Nichée dans un immeuble de Casablanca, l’Institution nationale de solidarité avec les femmes en détresse (Insaf) accueille depuis près de vingt ans les mères célibataires rejetées par leur partenaire, leur famille et la société. Elles sont logées et prises en charge pendant plusieurs mois, au moins jusqu’à la naissance de l’enfant. « La plupart ont été violées ou ont cru à une promesse de mariage et, lorsqu’elles sont tombées enceintes, ont été livrées à elles-mêmes, raconte la présidente de l’association, Meriem Othmani. Certaines vont jusqu’à se suicider. »
Au Maroc, où les relations extraconjugales sont passibles de prison ferme et l’avortement interdit, 50 000 naissances hors mariage sont enregistrées chaque année. Par crainte des autorités, mais aussi par peur des représailles de leur propre famille, beaucoup de jeunes mères finissent par se débarrasser de leur enfant. Selon les associations, vingt-quatre nourrissons sont abandonnés chaque jour dans le royaume et trois cents cadavres de bébés sont retrouvés tous les ans dans les poubelles de Casablanca. « Ces femmes sont terrorisées. Elles n’ont pas forcément le courage de se rendre dans un orphelinat, où elles risquent d’avoir affaire à la police, et ne savent pas où aller », explique Mme Othmani.

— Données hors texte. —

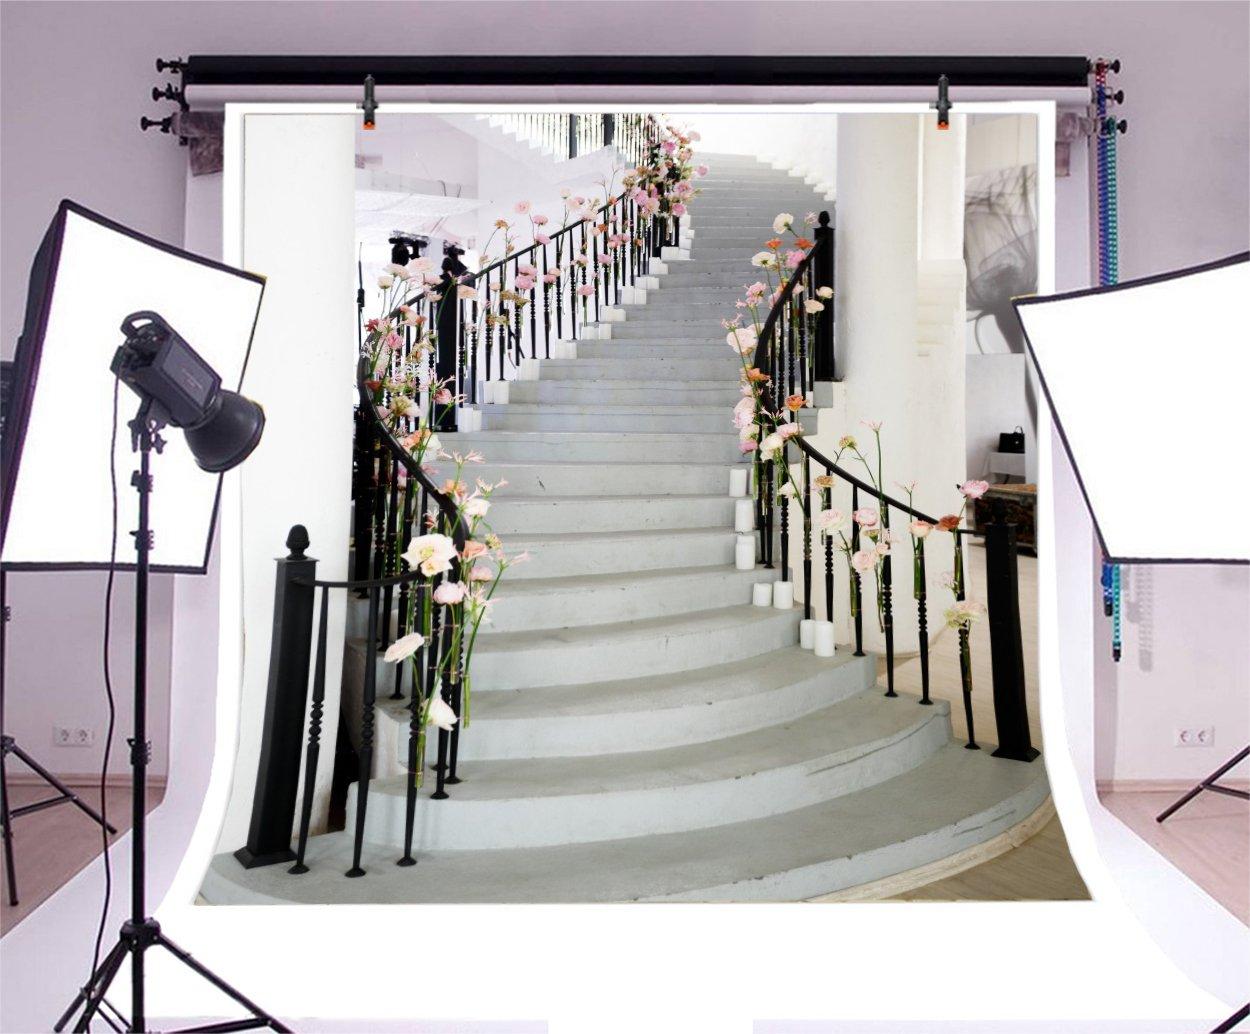 LFEEY 5 x 5 ft boda Birdal Ducha fondos para fotos niñas adultos niños retrato foto bola flores decorado escalera escaleras fotografía fondo foto estudio Props: Amazon.es: Electrónica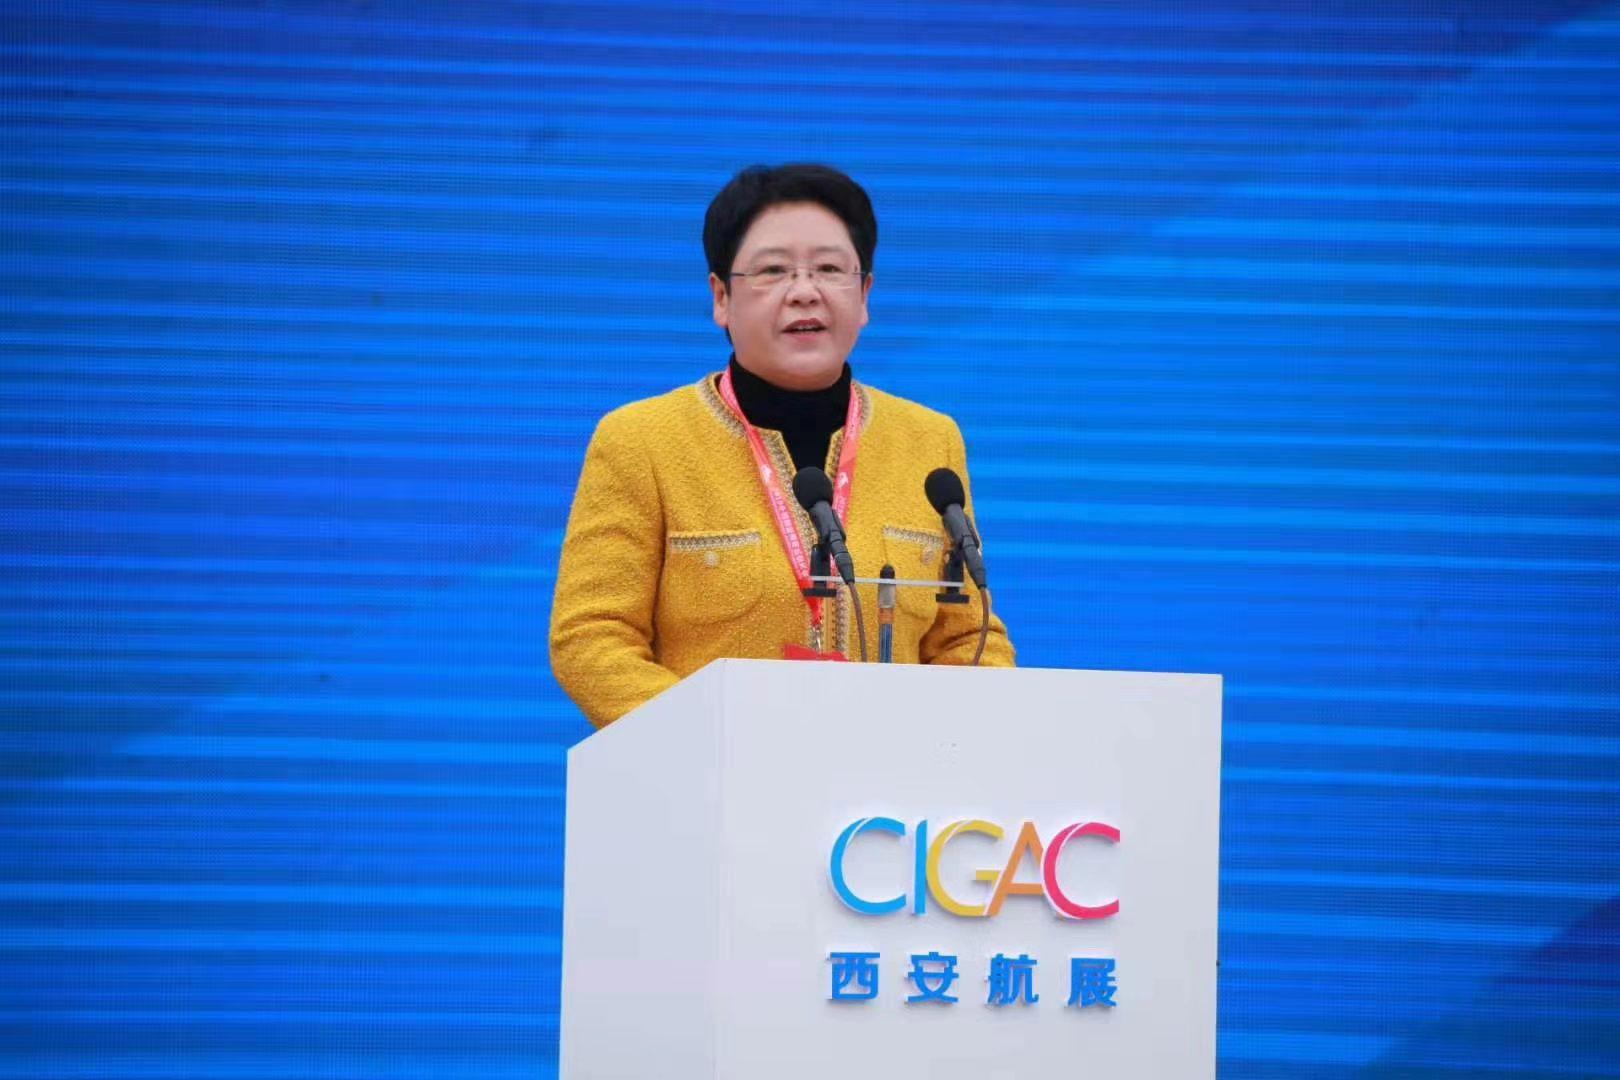 2019中国国际通用航空大会高峰论坛成功举办

« Celles qui trouvent la force de garder l’enfant vont devoir affronter l’agressivité des gens », avertit-elle. La militante de 69 ans, qui travaille dans le domaine social depuis trente-huit, a fondé l’Insaf en 1999 : « Nous voulons changer le regard sur ces mamans, qui sont rejetées, bafouées et humiliées. » Dans une société où le conservatisme religieux reste très fort, devenir mère célibataire est le début d’un long calvaire : le rejet de la famille, le regard des autres, les difficultés administratives et, parfois, les menaces de mort. « J’en reçois moi-même sans arrêt. Les mouvements extrémistes veulent que nous disparaissions, mais nous ne lâcherons jamais », affirme la présidente.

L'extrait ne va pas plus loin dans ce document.